Immunostaining and Confocal Microscopy

Confocal microscopy was used to evaluate the effects of LH and AICAR on the presence and regulation of autophagosomes in bovine luteal cells. Mixed luteal cells were seeded at a density of 3 × 10⁵ cells/well on cell culture imaging dishes equipped with #1.5 glass bottom slide and maintained at 37°C in an atmosphere of 95% humidified air and 5% CO₂. Adhered luteal cells were equilibrated in fresh culture medium enriched with 1% BSA for 2 h prior to stimulation with LH (10 ng/ml) or AICAR (1 mM) for 3 h. Organelle specific dyes, CYTO-ID® Green Detection Reagent (autophagosomes), Mitotracker Deep Red (mitochondria), Lysotracker (lysosomes), and LipiBlue (lipid droplets) were added to each well according to manufacturer’s protocol and maintained at 37°C in an atmosphere of 95% humidified air and 5% CO₂ for 30 min. Following incubation, cells were fixed for 30 min with 200 µl 4% paraformaldehyde at 4°C and rinsed three times with PBS.

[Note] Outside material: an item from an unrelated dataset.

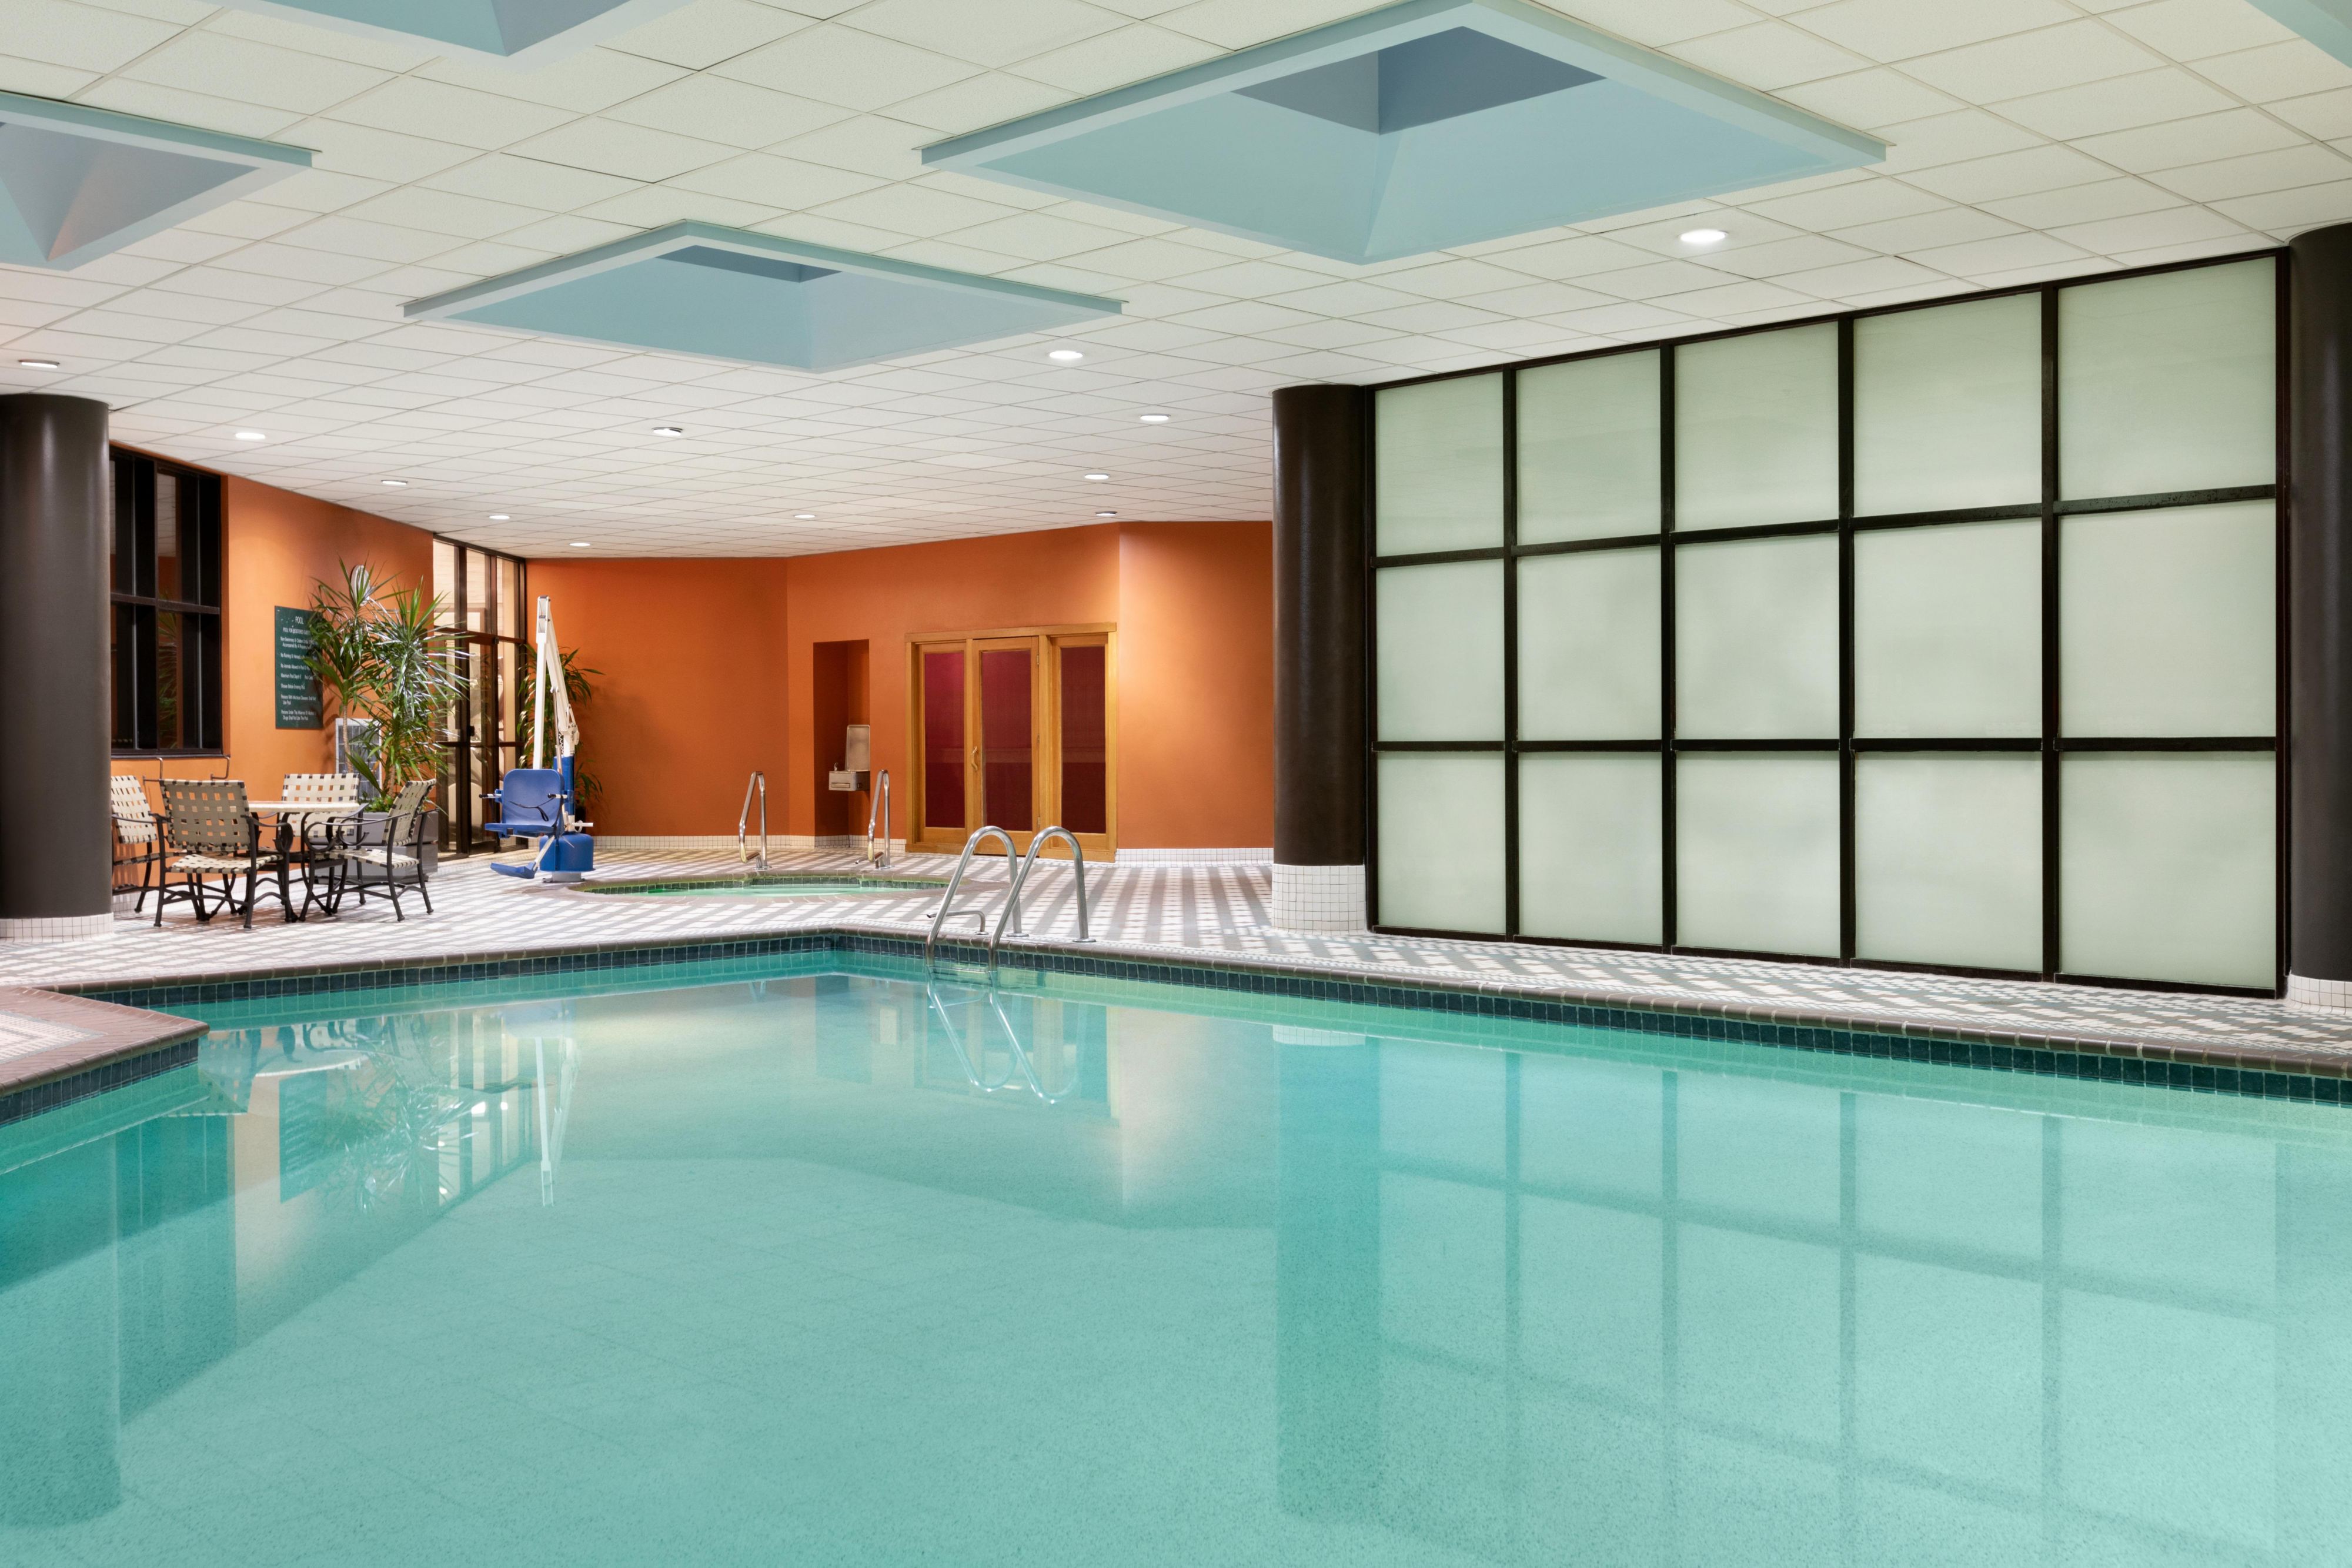 Enjoy our indoor heated pool
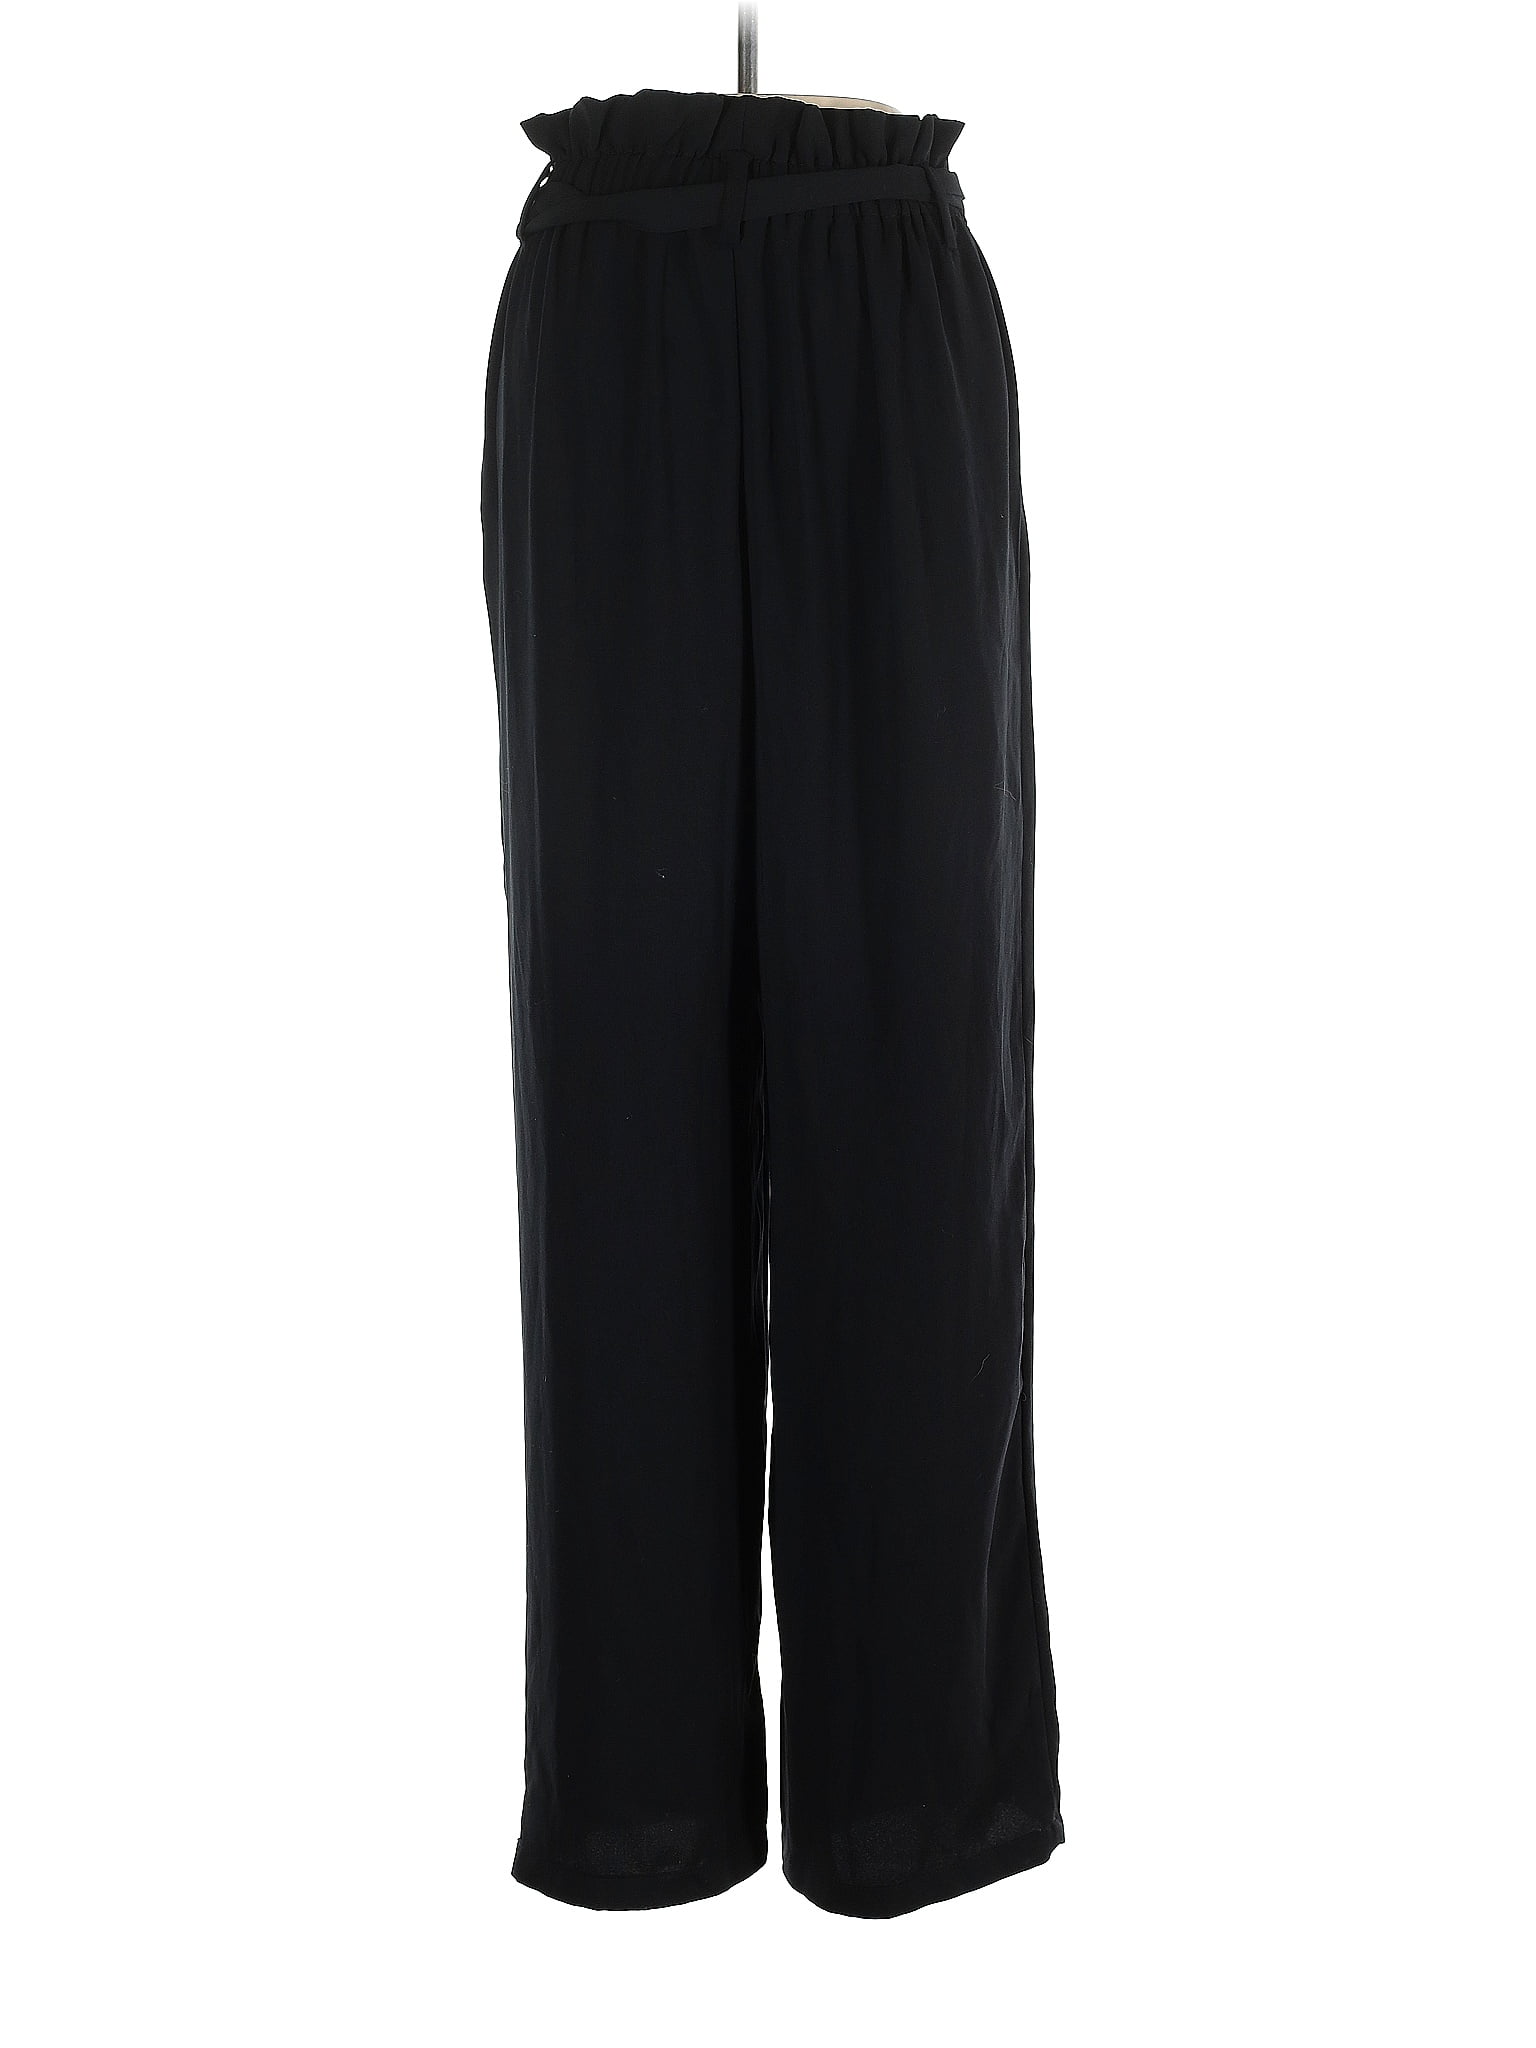 A New Day Black Dress Pants Size 10 (Petite) - 55% off

Images were collected using a Zeiss LSM800 confocal microscope with Airyscan equipped with a 20× (0.8 N.A) and ×63 oil immersion objective (1.4 N.A) and acquisition image size of 1,024 × 1,024 pixel (245.73 µm × 245.73 µm for 20×; 78.01 µm × 78.01 µm for 63×). The appropriate filters were used to excite each fluorophore and emission of light was collected between 450 and 1,000 nm. Cells were randomly selected, and z-stacked (0.3 µm) images were generated from bottom to top of each experiment. To determine the effects of LH or AICAR on mean fluorescence intensity of CYTO-ID® Green Detection Reagent, images were converted to maximum intensity projections and processed utilizing ImageJ (National Institutes of Health) analysis software. Mean fluorescence intensity was determined as previously described (Plewes et al., 2020; Talbott et al., 2020).